これまでに何度か飼育日記で紹介している、重なるウニPrionechinus forbesianusですが、実は正式な和名がありませんでした。
そこで、この度、和名を提唱しました。
実は、学名と違って和名には命名規約(ルール)がありません。
ですが、実際は学術雑誌や図鑑など公表性の高い媒体での提唱が主になっているようです。そりゃ誰でも彼でも勝手な名前で呼んでいたら混乱しますからね。
今回は水族館の年報で、行動報告と共に和名を提唱しました。
このカガミモチウニは日本近海からフィジー島まで太平洋西側の水深260–1370mにかけて幅広く分布し、海底の沈木を餌とする習性が知られています。熊野灘では水深300m付近から沈木と一緒に採集されます。
水槽の中で2個体が長期間上下に重なることが初めて明らかになりましたが、この行動は複数の個体間で同時に起こり、また、それぞれが比較的長期間持続します。

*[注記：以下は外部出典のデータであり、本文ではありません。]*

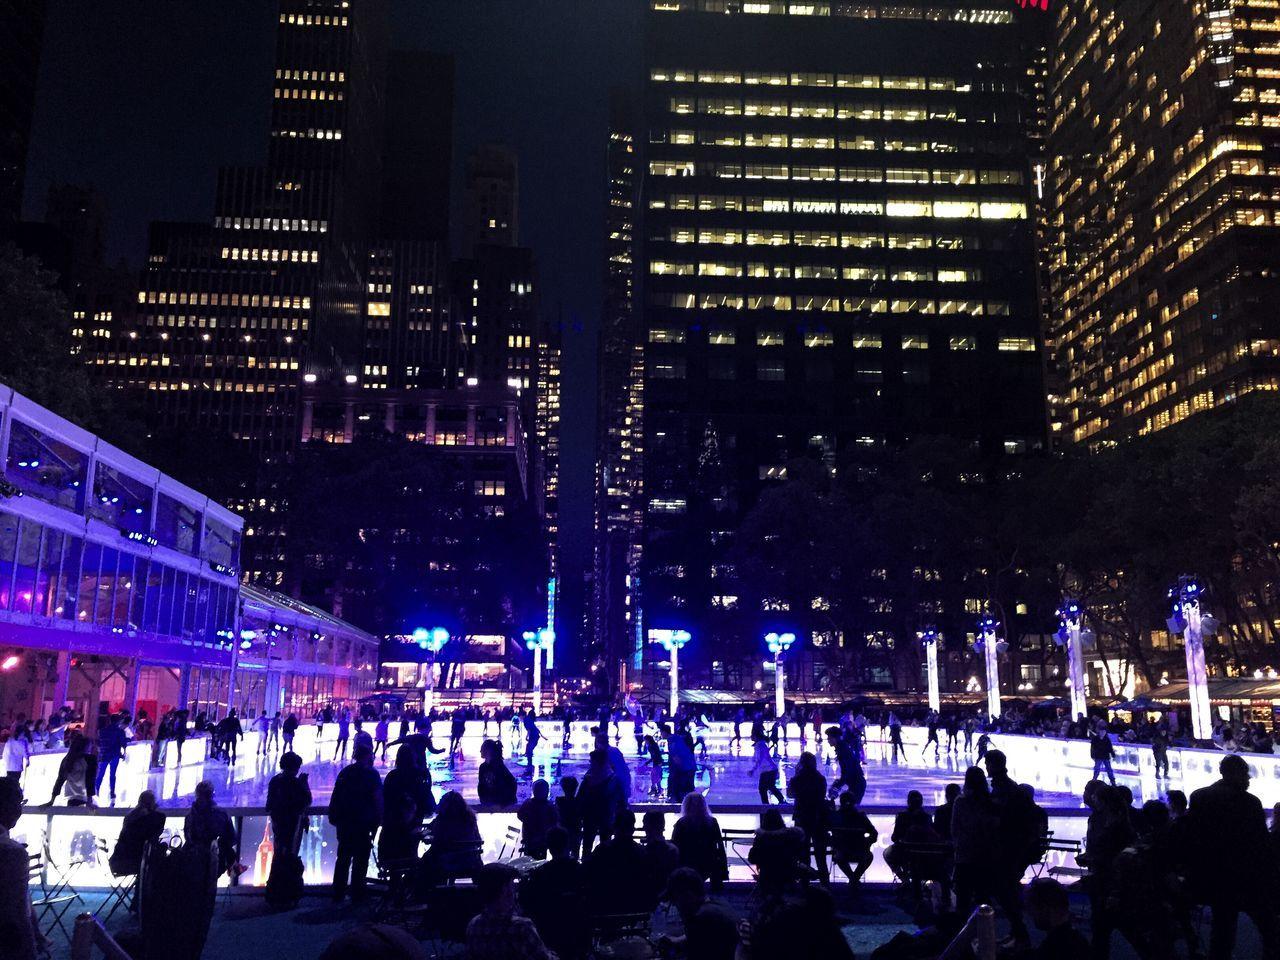 Skating at Bryant Park Skating Skating ✌ Skating Rink Icerink Ice Rink Skating In The Dark Ice Skating Ice Skating ❄ Winter Is Coming Christmas Is Coming Night Illuminated City Outdoors Ice Rink Bryantpark Bryant Park  New York New York City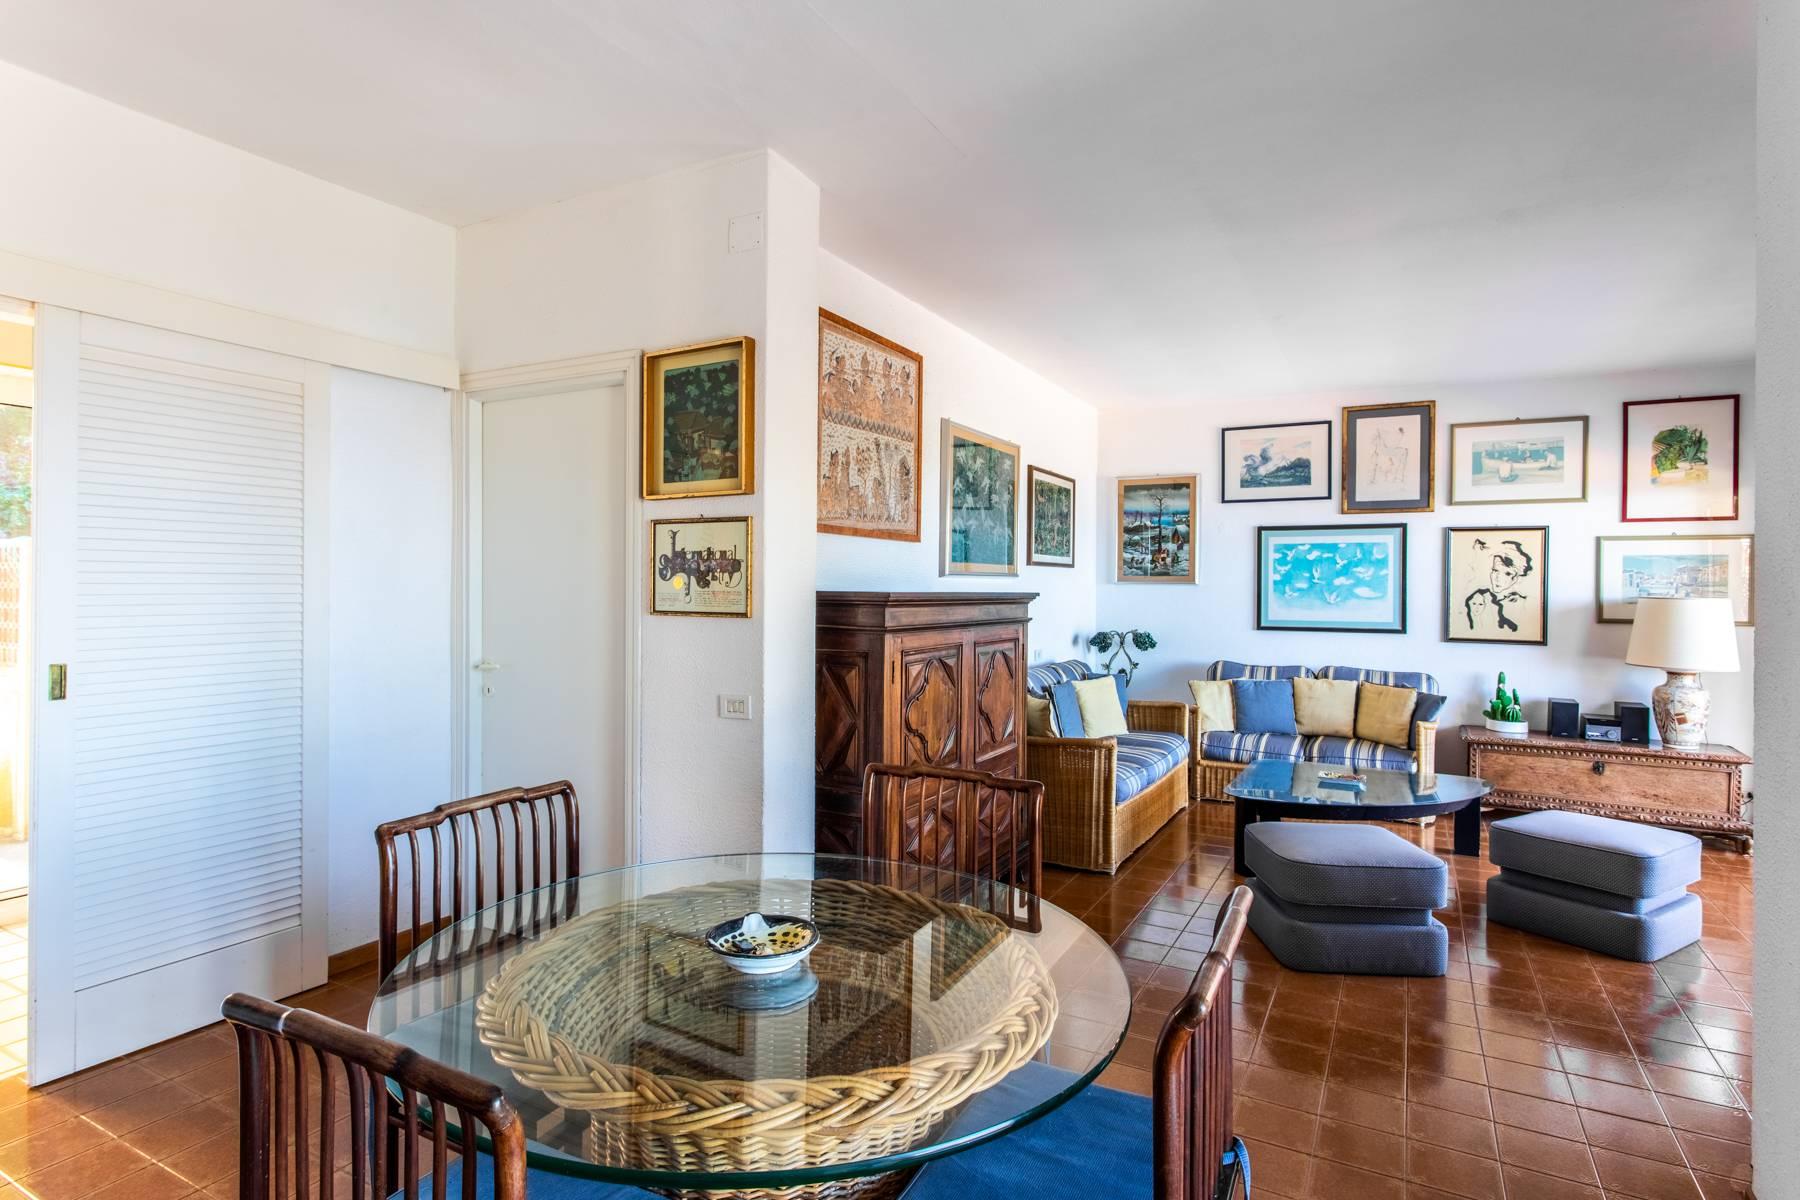 Casa indipendente in Vendita a Monte Argentario: 5 locali, 200 mq - Foto 4

そして、上の個体は全てオス、下の個体は全てメスで、共に性成熟に達していました。
さらに,上下に重なったペアに単独オスが接近すると、メスの上に乗っていたオスが近づく単独オスを激しく押し出すことから、この重なり行動はオスが産卵時期のメスを独り占めする行動だと考えられます。
他のウニでは見られない、とても興味深い行動です。